### Data

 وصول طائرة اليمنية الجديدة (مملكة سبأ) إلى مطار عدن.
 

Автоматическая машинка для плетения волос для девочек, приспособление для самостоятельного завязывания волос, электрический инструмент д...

######
### Data

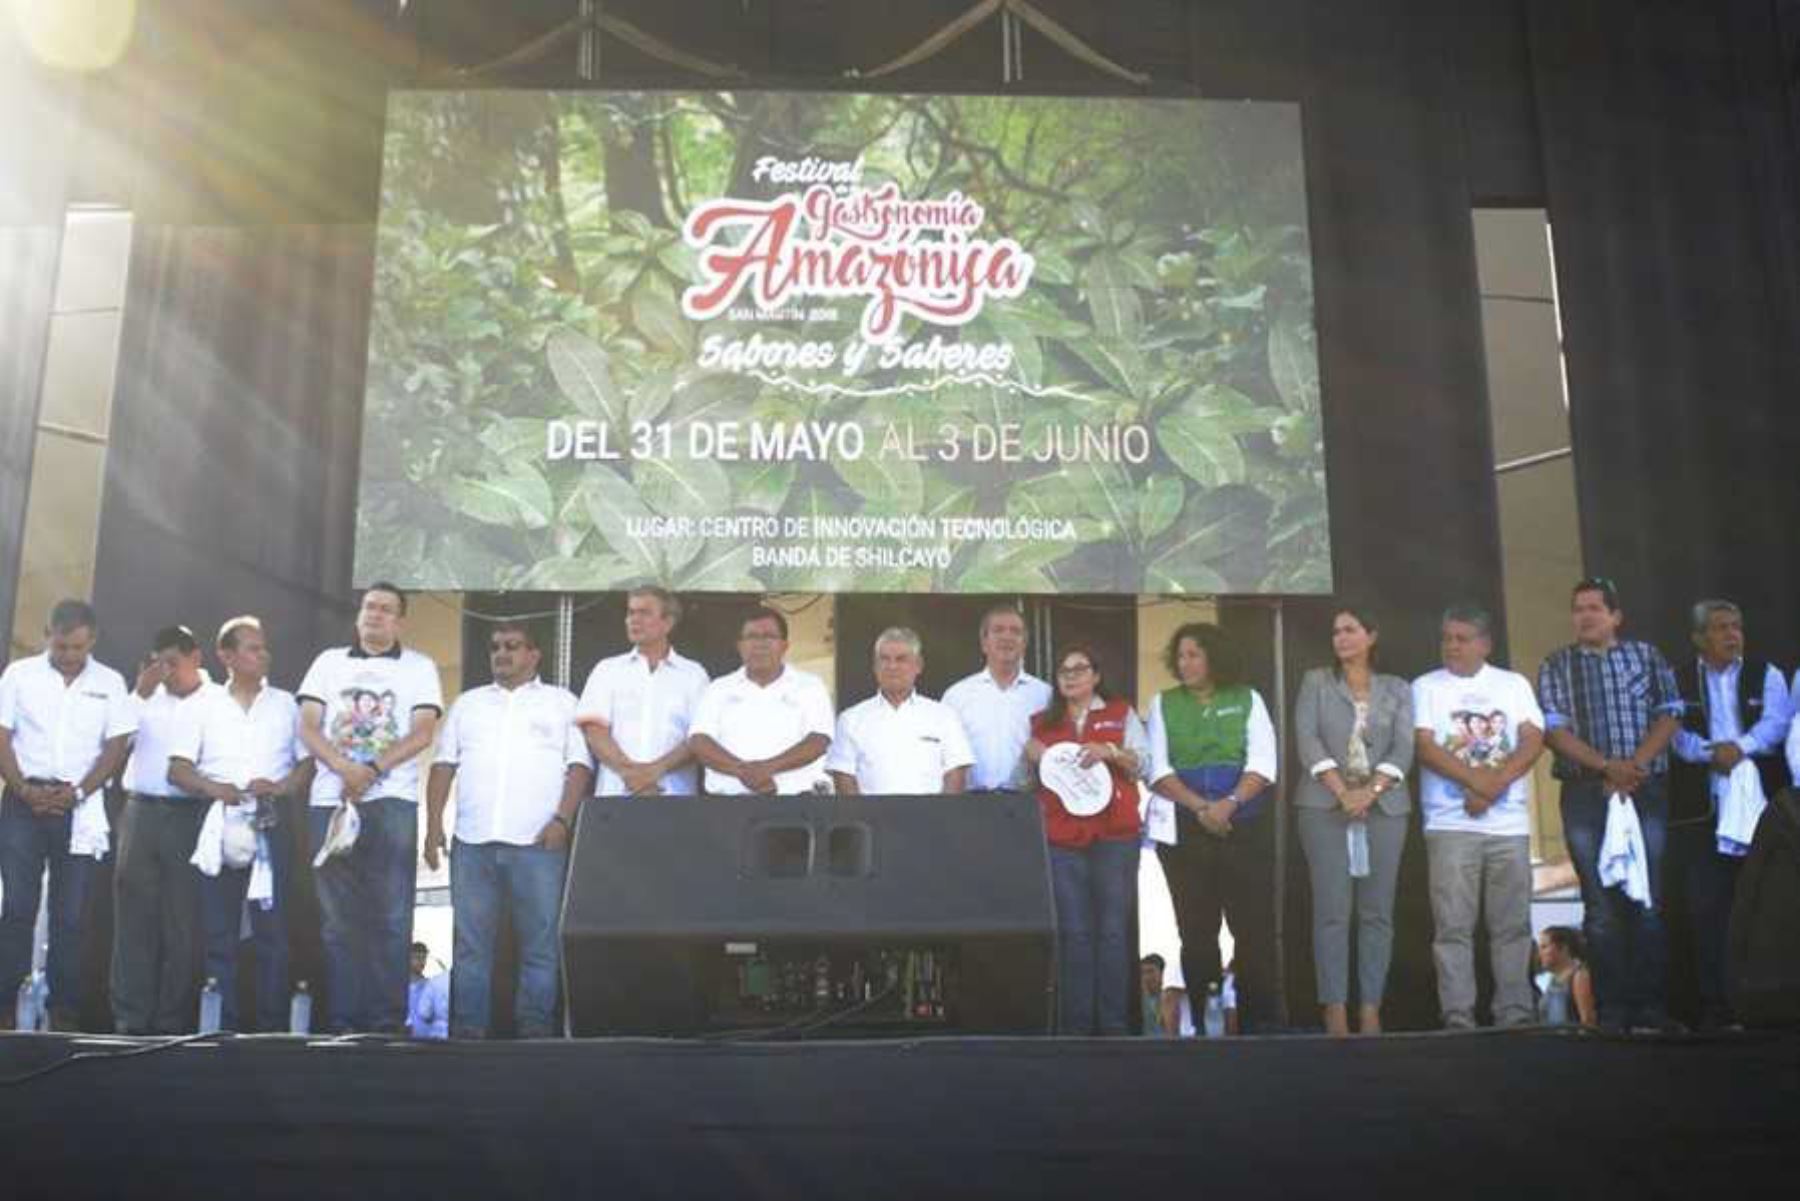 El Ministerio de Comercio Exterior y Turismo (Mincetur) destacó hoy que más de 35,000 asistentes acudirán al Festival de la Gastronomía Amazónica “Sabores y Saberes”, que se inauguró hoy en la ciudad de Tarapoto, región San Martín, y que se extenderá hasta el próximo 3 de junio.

######
### Data

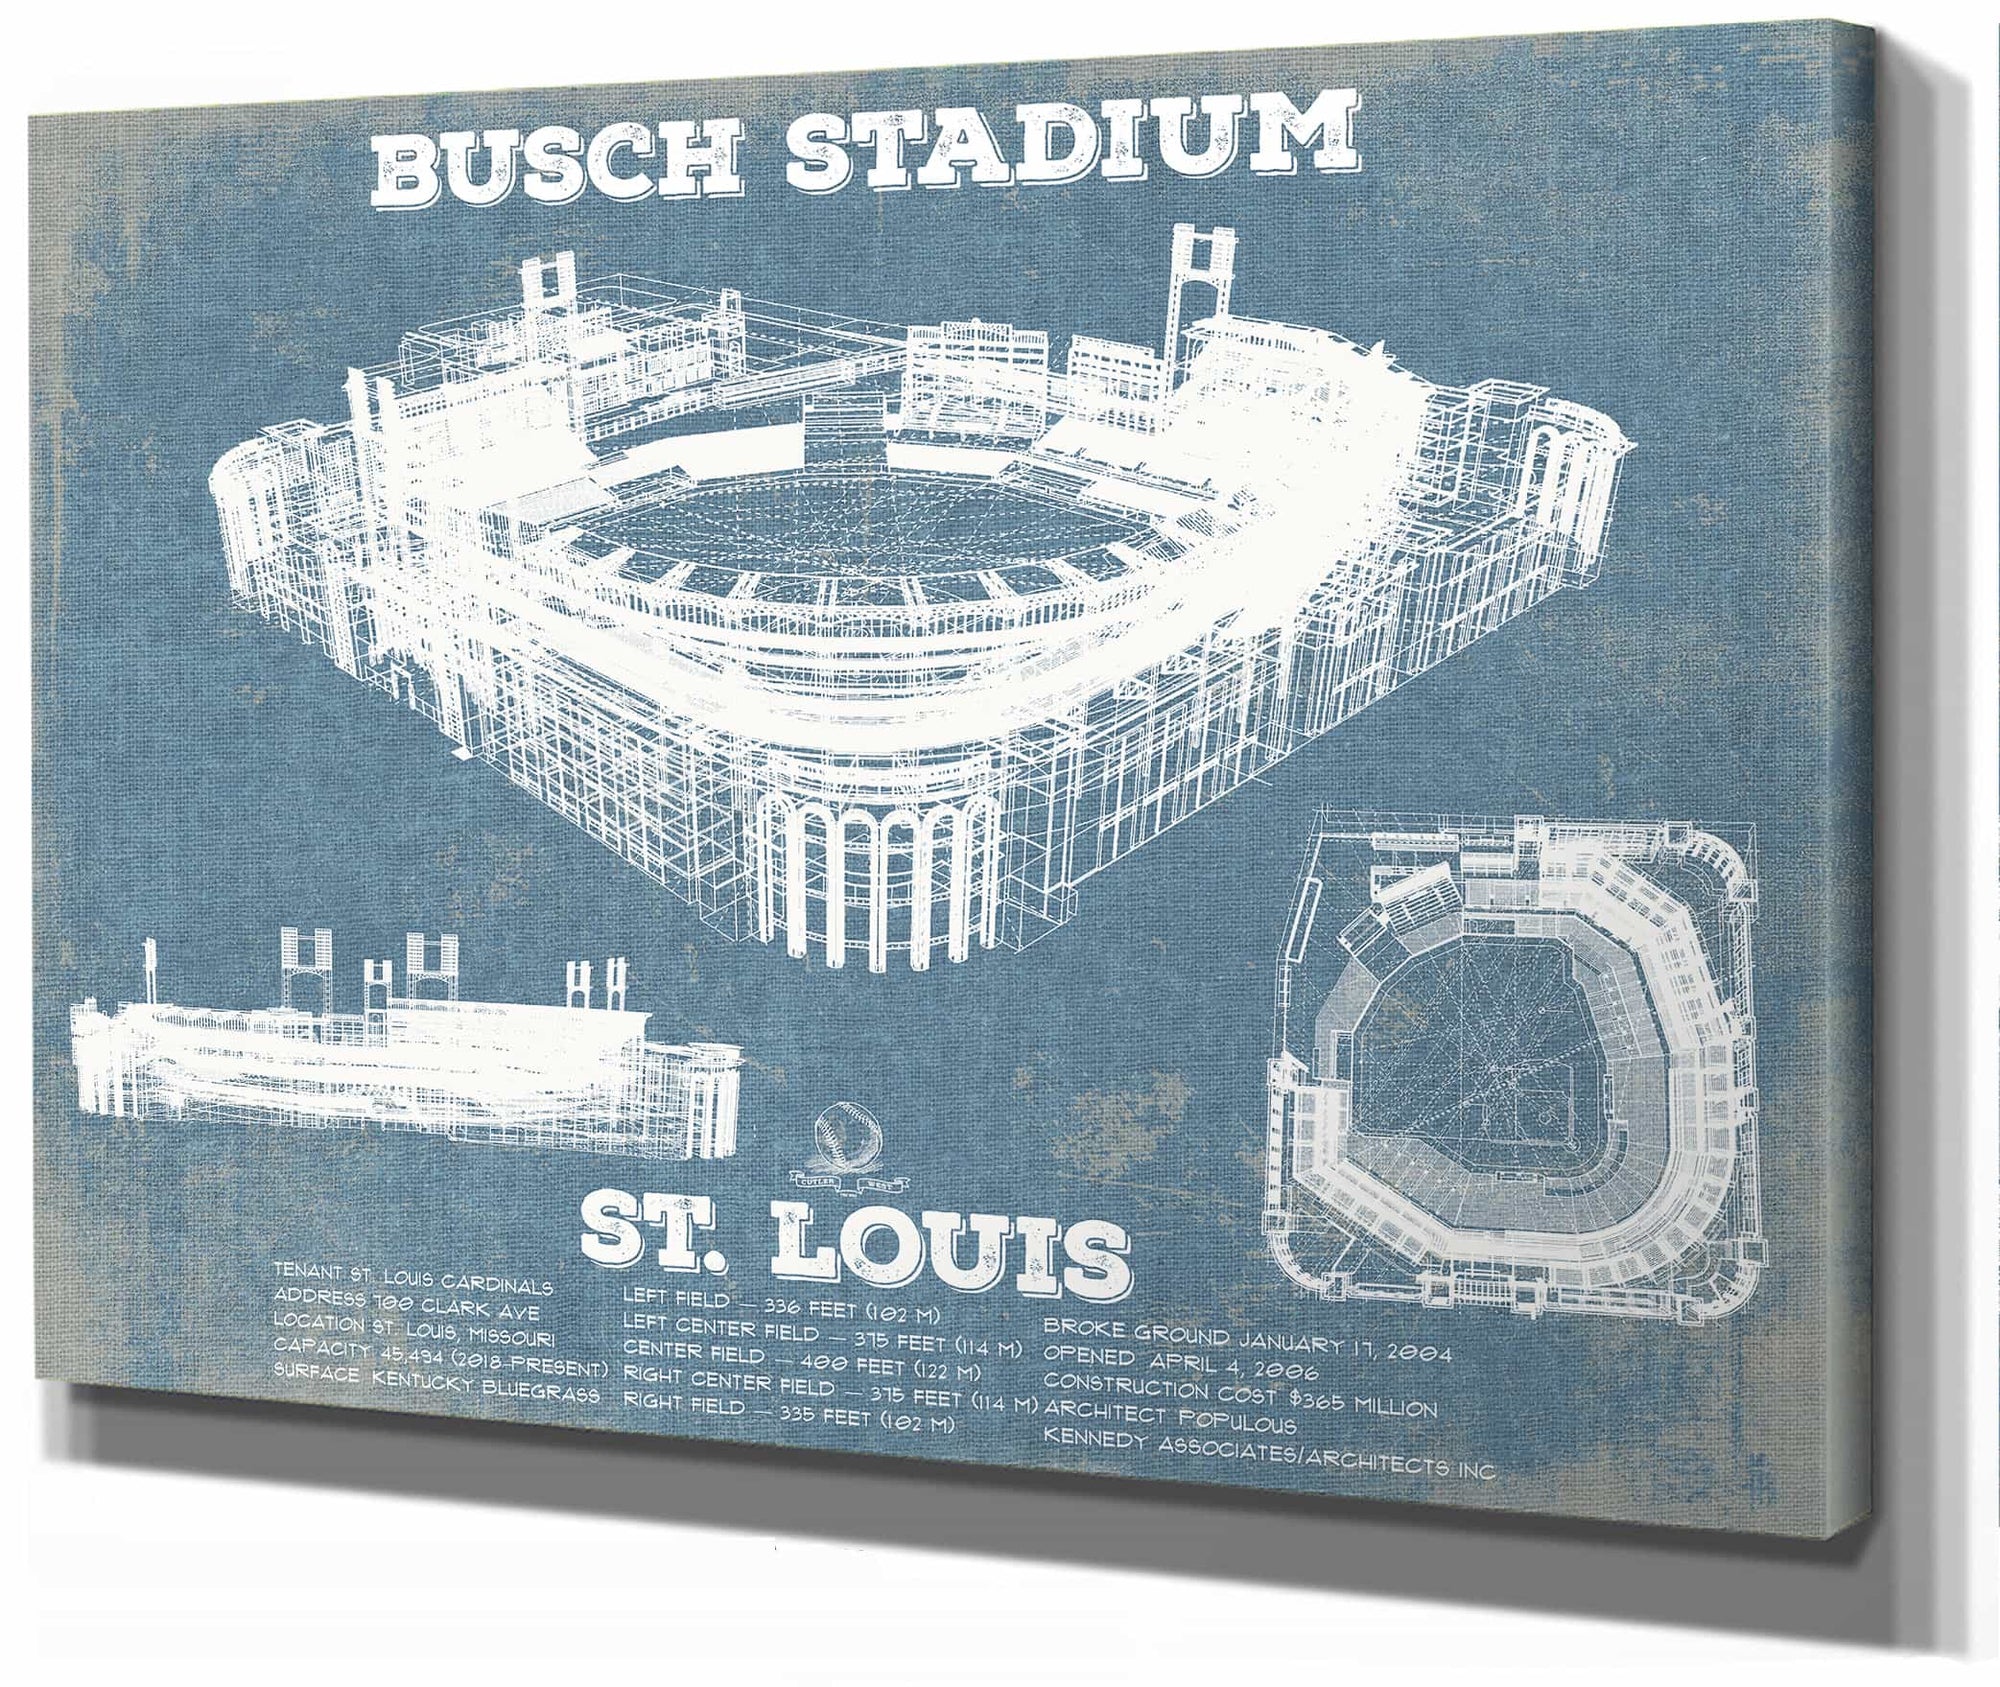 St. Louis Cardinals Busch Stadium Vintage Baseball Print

######

Only one stretch of the records above is wanted: the lines between the one holding "وصول طائرة اليمنية" and the one holding "Автоматическая машинка для", inclusive, reproduced exactly.

### Reply to the exercise
 وصول طائرة اليمنية الجديدة (مملكة سبأ) إلى مطار عدن.
 

Автоматическая машинка для плетения волос для девочек, приспособление для самостоятельного завязывания волос, электрический инструмент д...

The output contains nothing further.